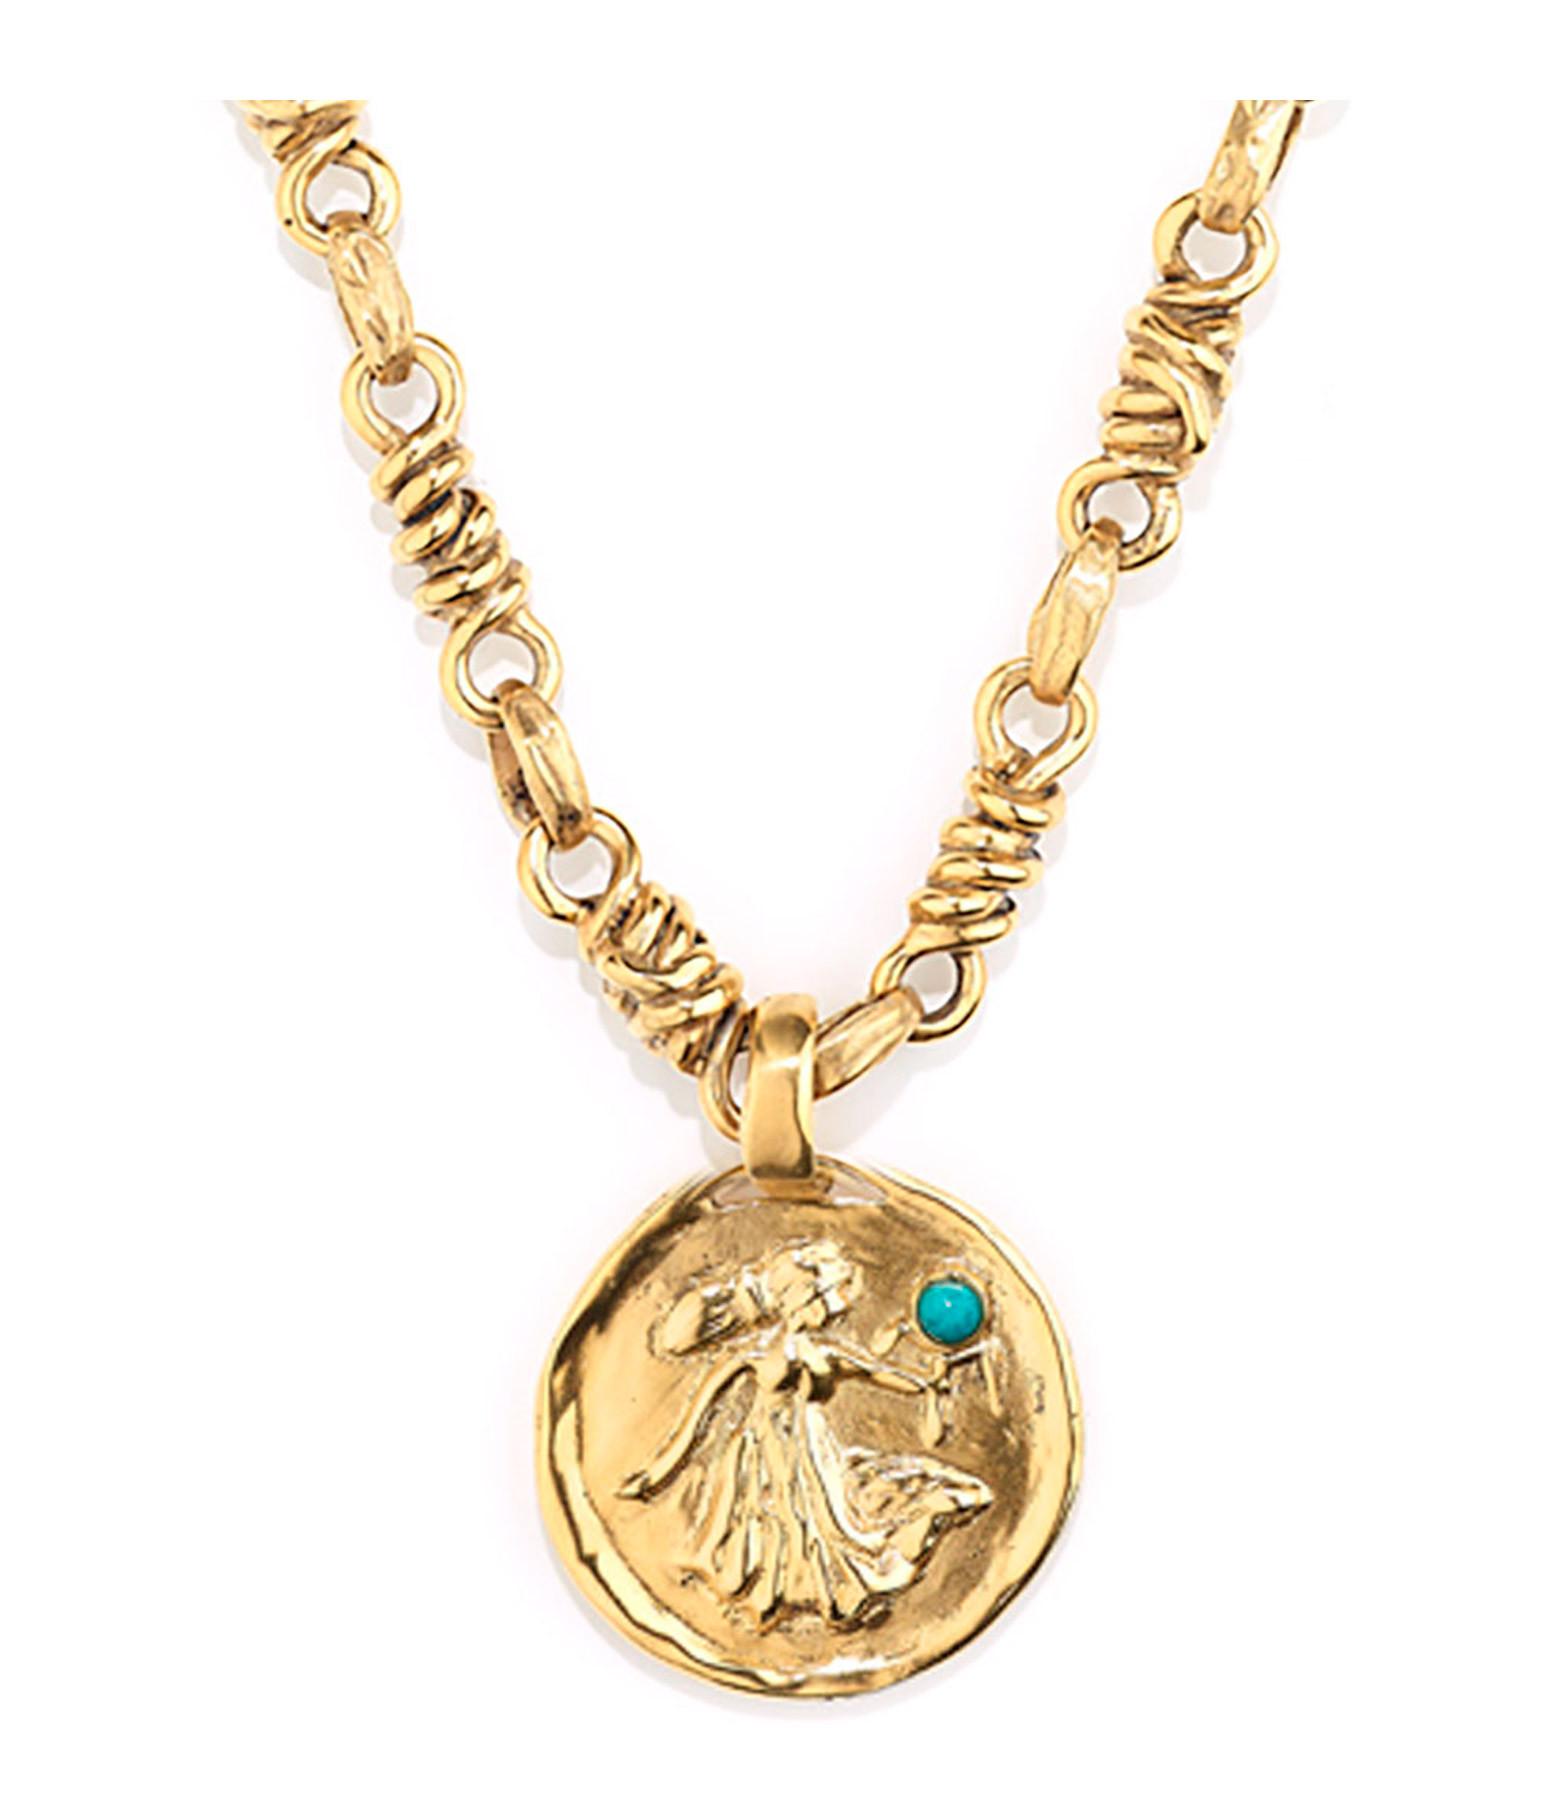 GOOSSENS - Collier Talisman Astro Vierge Turquoise
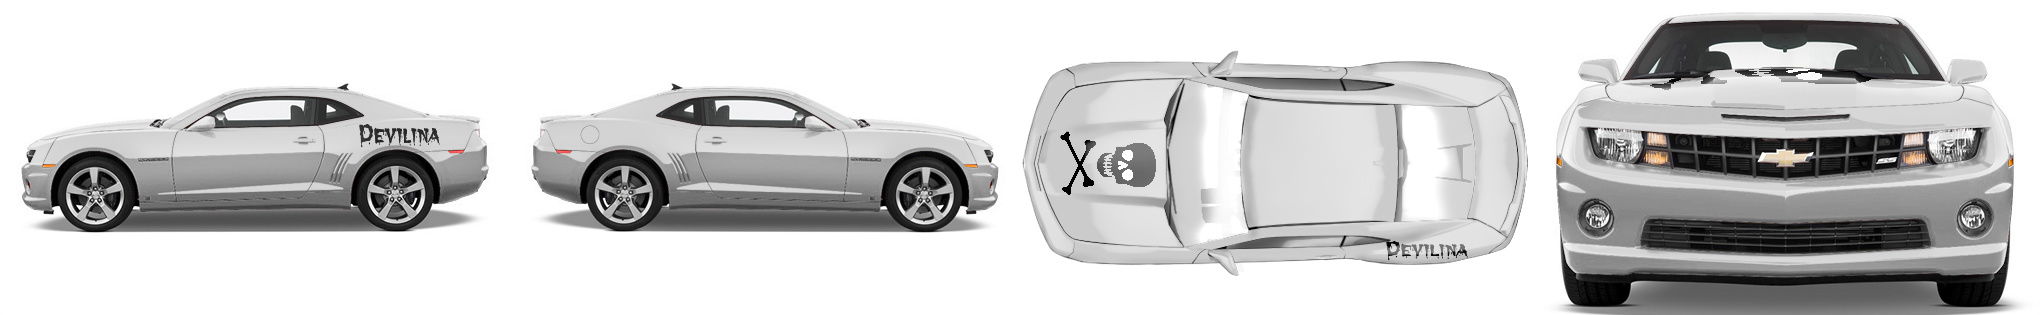 Muscle Car Wrap #51744
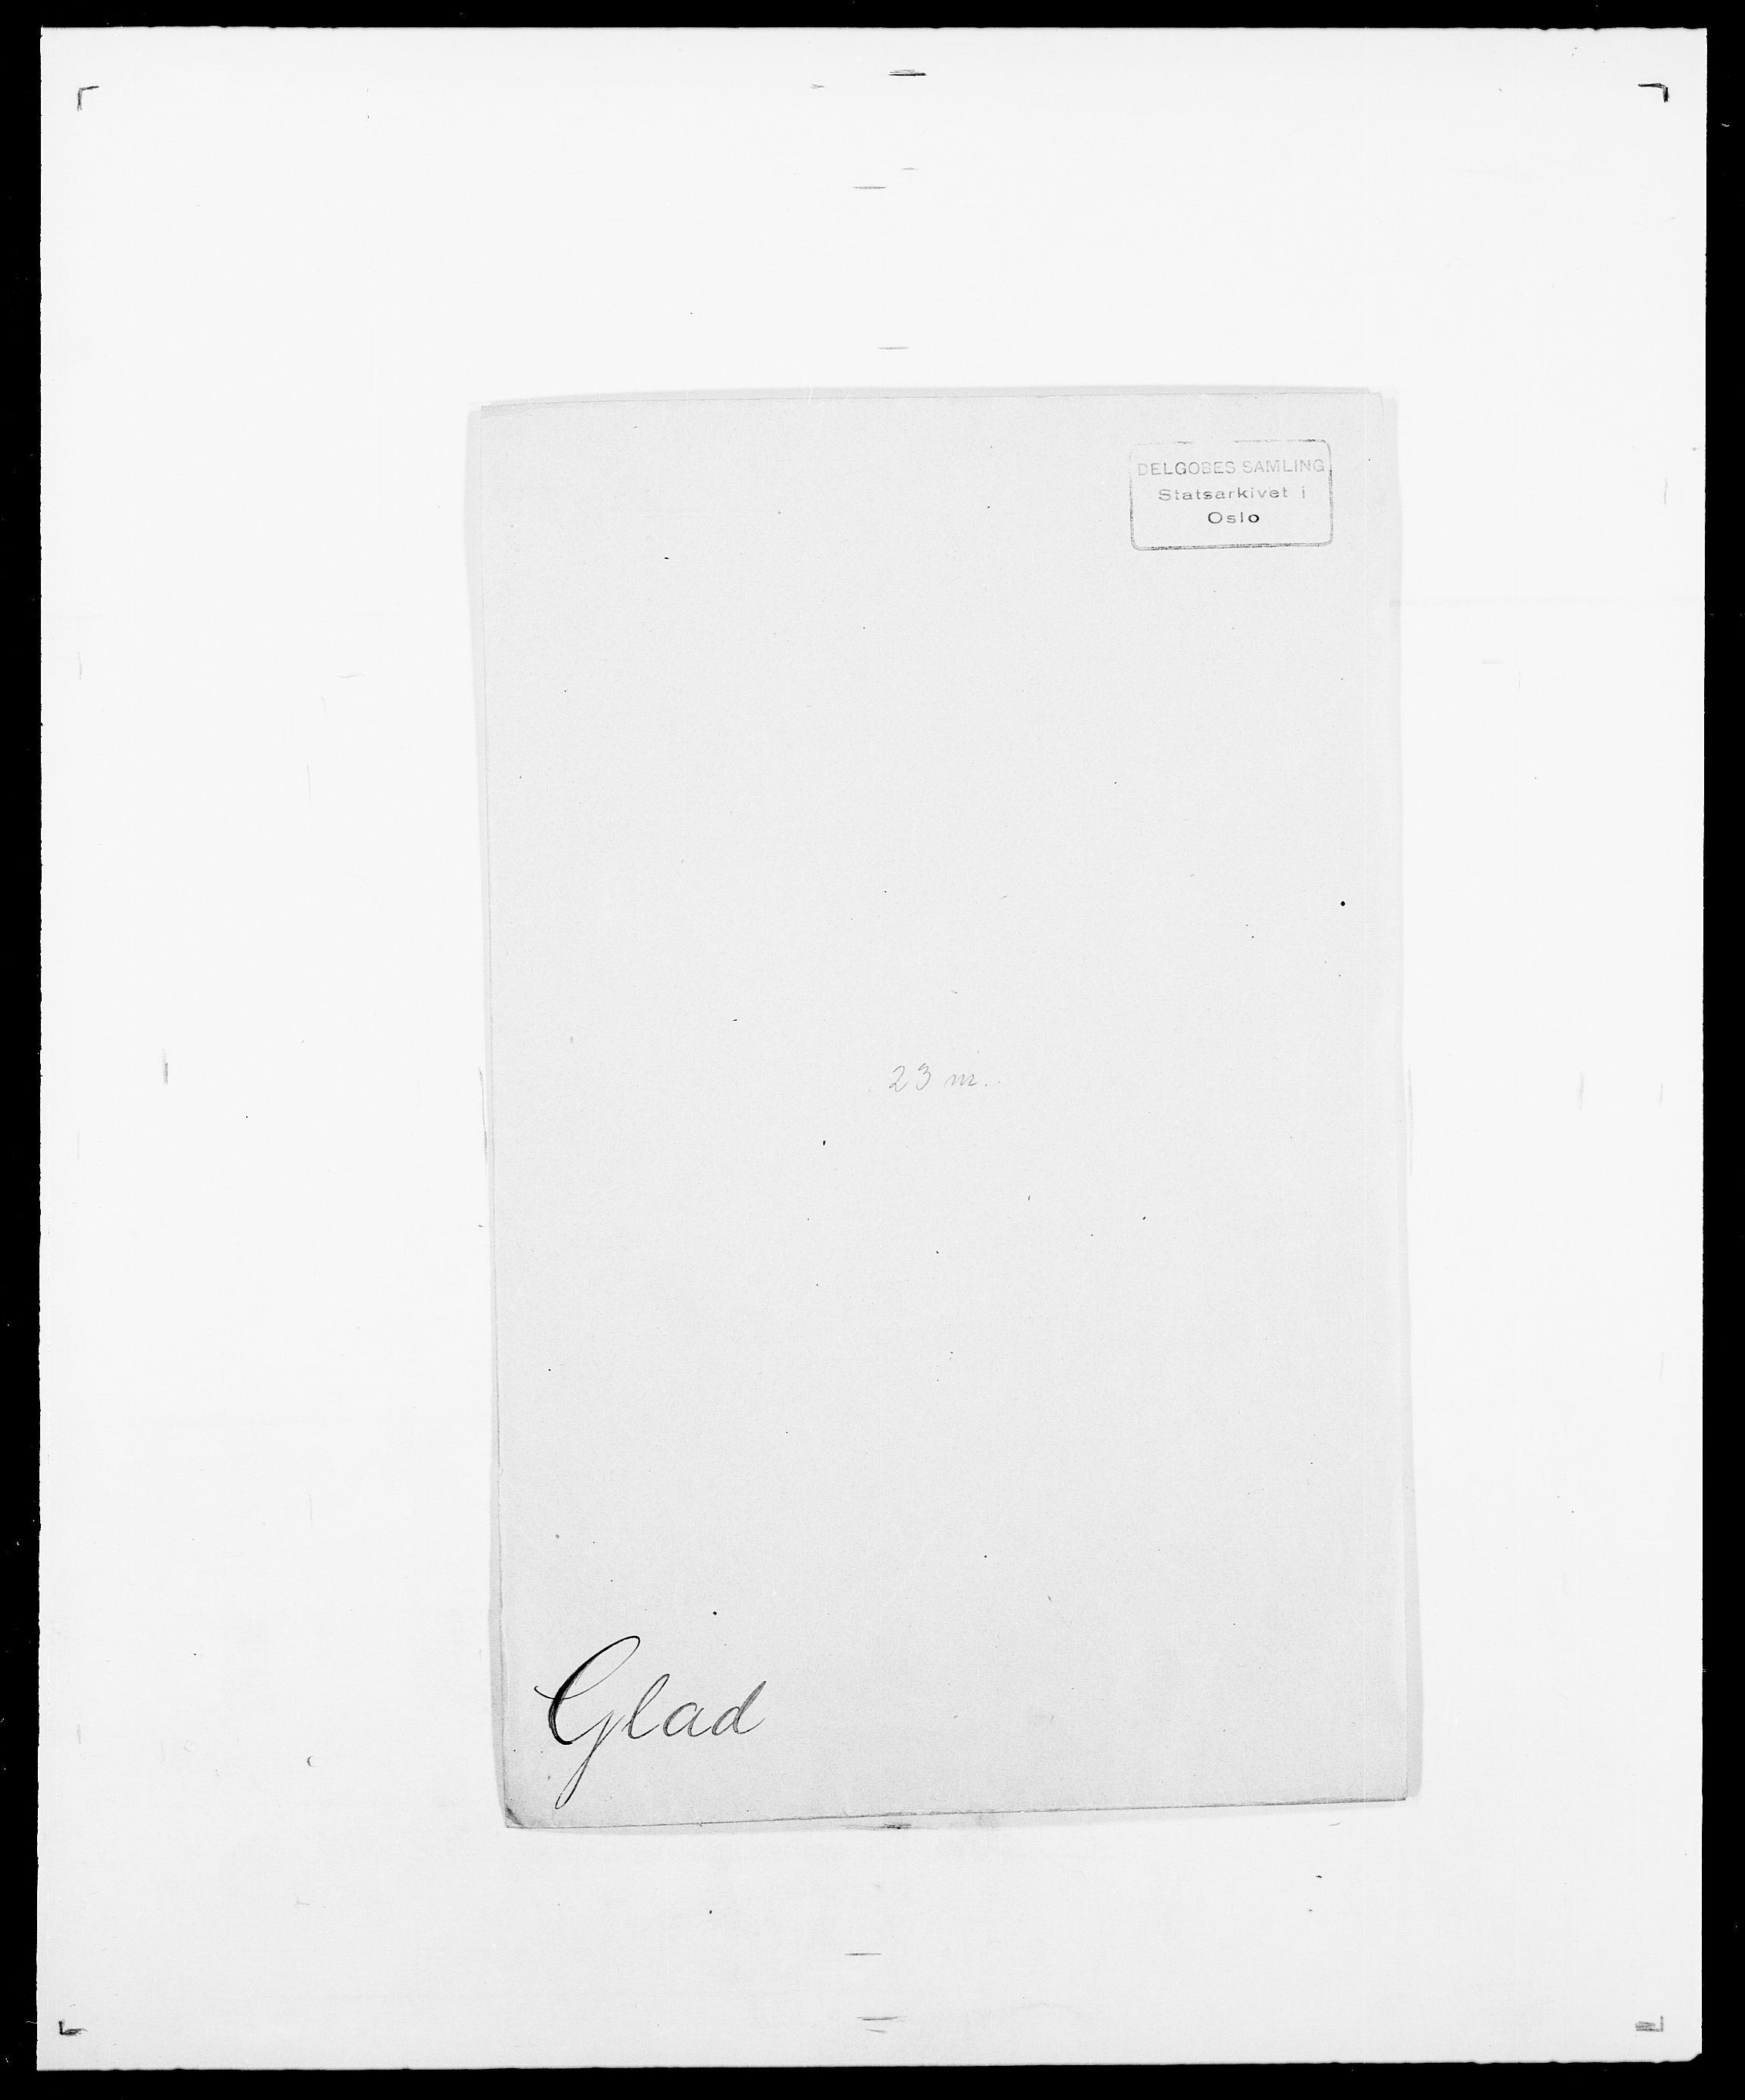 SAO, Delgobe, Charles Antoine - samling, D/Da/L0014: Giebdhausen - Grip, s. 234
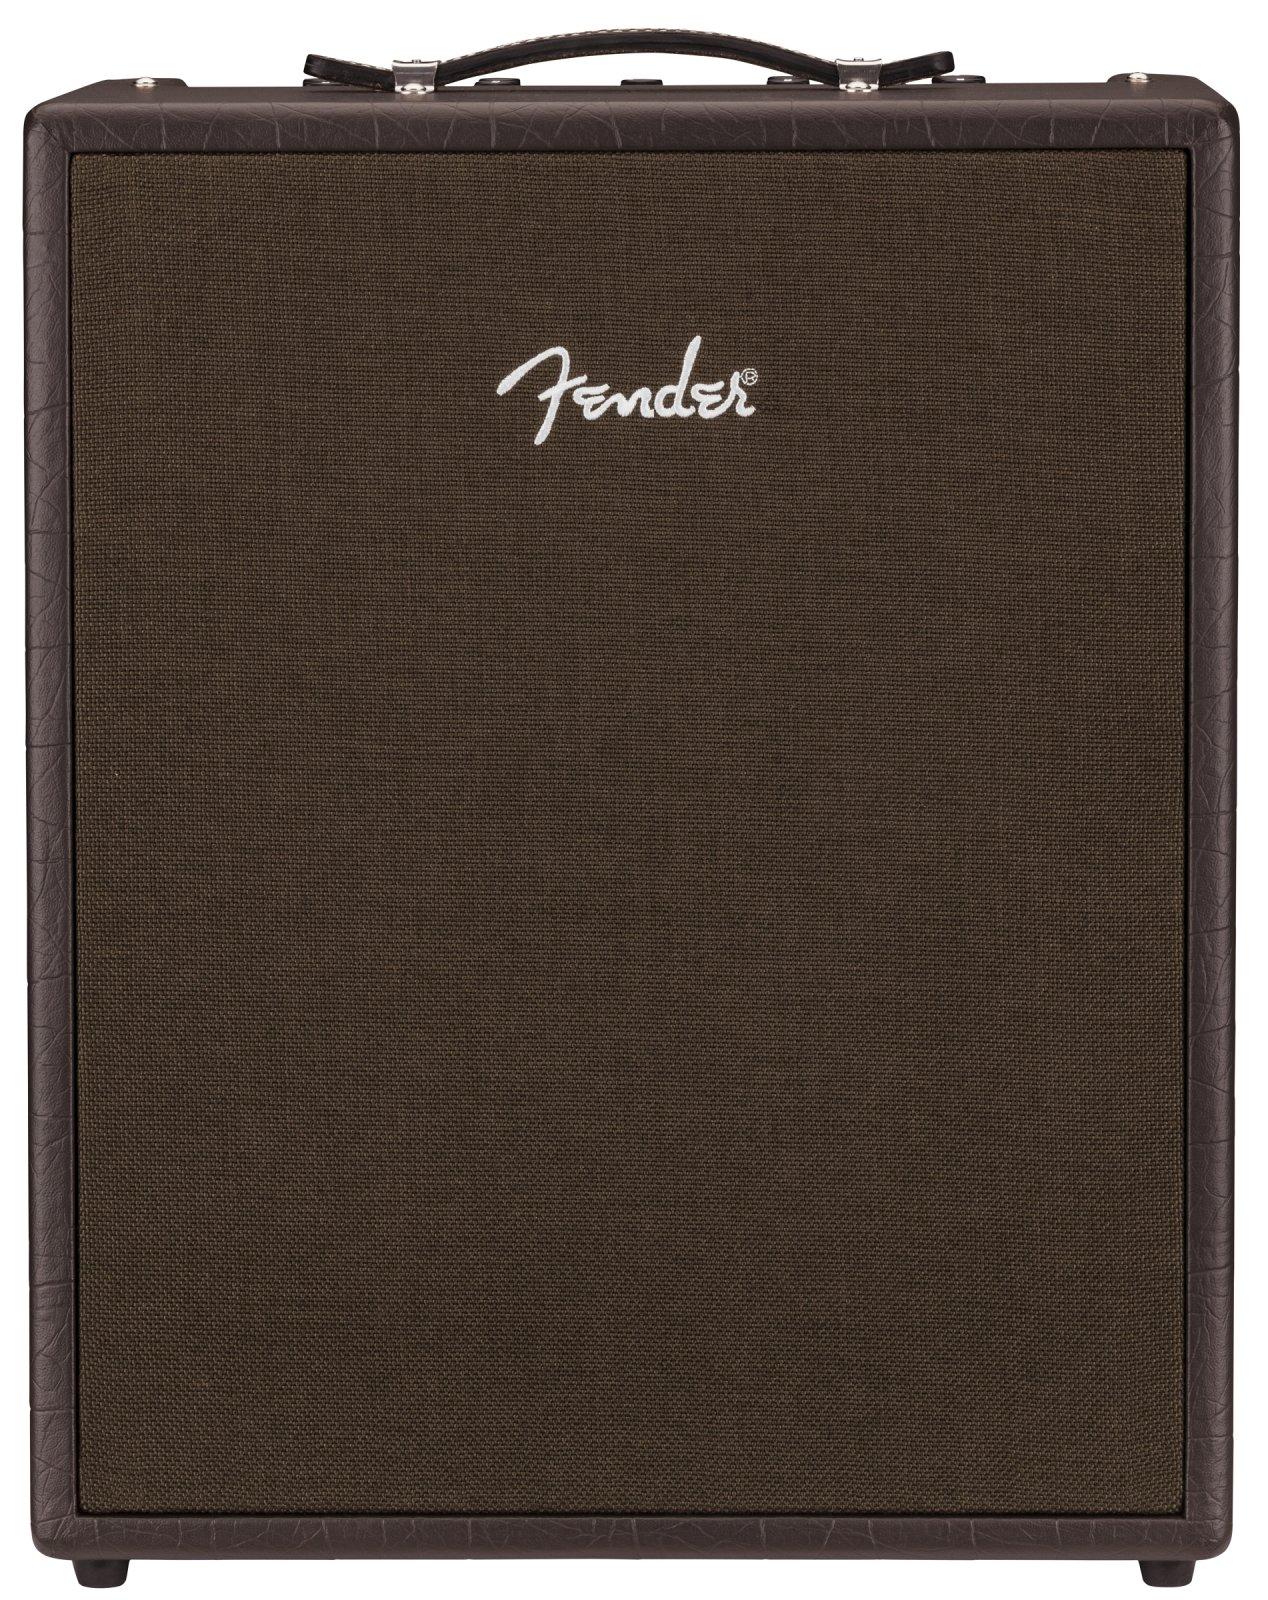 Fender Acoustic SFX II Acoustic Amp

☆ ☆ ☆ ☆ ☆

**Requirement:** Reproduce each line above exactly, but not a single picture.

**Result of the exercise:**
 GOOSSENS - Collier Talisman Astro Vierge Turquoise
 Muscle Car Wrap #51744
 SAO, Delgobe, Charles Antoine - samling, D/Da/L0014: Giebdhausen - Grip, s. 234
 Fender Acoustic SFX II Acoustic Amp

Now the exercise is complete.